Я улыбнулась, оценив ее попытку поднять настроение.
– Как долго он тебя обычно бесит?
Рене нахмурила брови.
– Это зависит от того, насколько я устала. То же самое касается и его. Но дольше всего?
Я взволнованно кивнула, как манны небесной ожидая, что она ответит мне.
– Я бы сказала, что, примерно, когда я открыла свой бизнес. Мы были женаты всего два года. Он сильно переживал, опасался, что я могу прогореть. Честно говоря, я тоже. Но я хотела хотя бы попробовать, посмотреть, есть ли у меня шанс. Мы рявкали друг на друга добрых два месяца, а потом однажды вечером он не пришел домой, и это было нашей проверкой на прочность. Мы приложили все усилия, чтобы преодолеть жизненные неурядицы и не переносить их друг на друга.
Два месяца. Мне два месяца показались бы прогулкой по парку.
– Судя по твоему лицу, это не совсем то, что ты хотела слышать, – устало заметила Рене.

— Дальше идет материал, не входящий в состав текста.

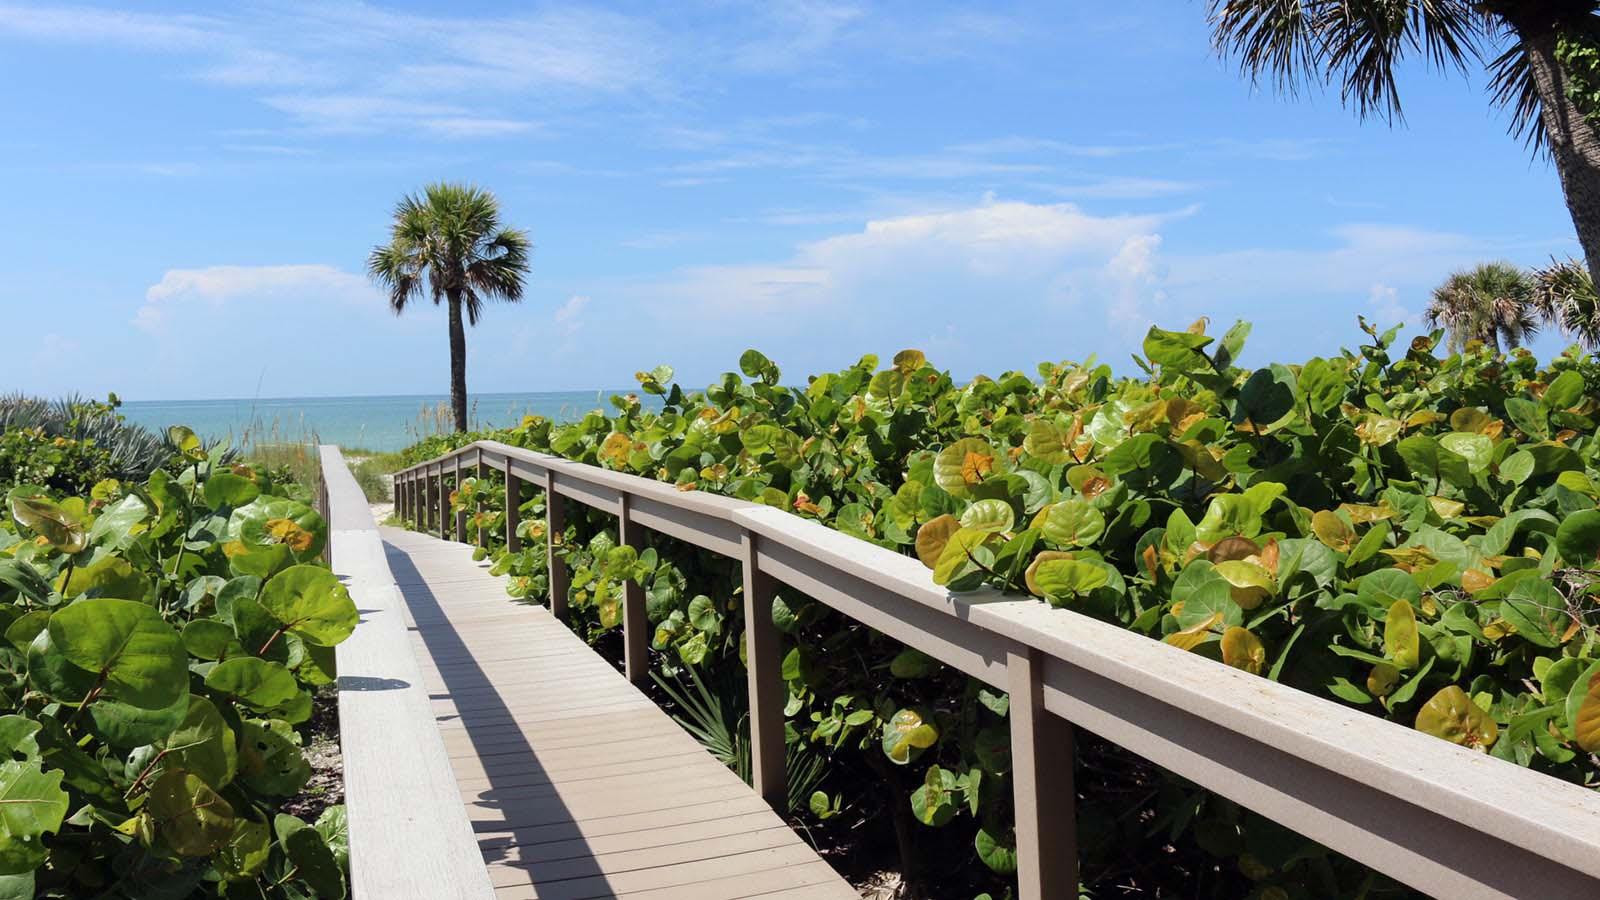 sanibel condo rentals poinciana boardwalk island vacations of sanibel captiva. Black Bedroom Furniture Sets. Home Design Ideas

Я тяжело опустилась на стул.
– На самом деле между мной и Уэсом все гораздо хуже.
– До какой степени?
– Если я расскажу тебе…
Рене подняла обе руки.
– Я никому не скажу. Обещаю.
Я кивнула и глубоко вздохнула.
– В последнее время Уэсу приходится несладко. Он пытается стать партнером, но это требует больше времени, чем он ожидал. Он постоянно работает сверхурочно. Мы почти не видимся, и это… напрягает. В прошлом году я думала, что рождение ребенка сделает нас счастливее, чем мы даже могли себе представить. Но этого не произошло. Я ушла с работы… Ради Уэса я отказалась от части себя. Он не хотел ребенка, но я убеждала его… Несколько раз он выходил из себя. Эти вспышки гнева случаются на ровном месте, когда я меньше всего их жду. – Я громко выдох-нула. – И каждая хуже предыдущей, и я больше не знаю, что делать.
Мне всегда казалось, что сказать правду – это все равно что вырвать больной зуб. Но в каком-то смысле я как будто сбросила с себя груз.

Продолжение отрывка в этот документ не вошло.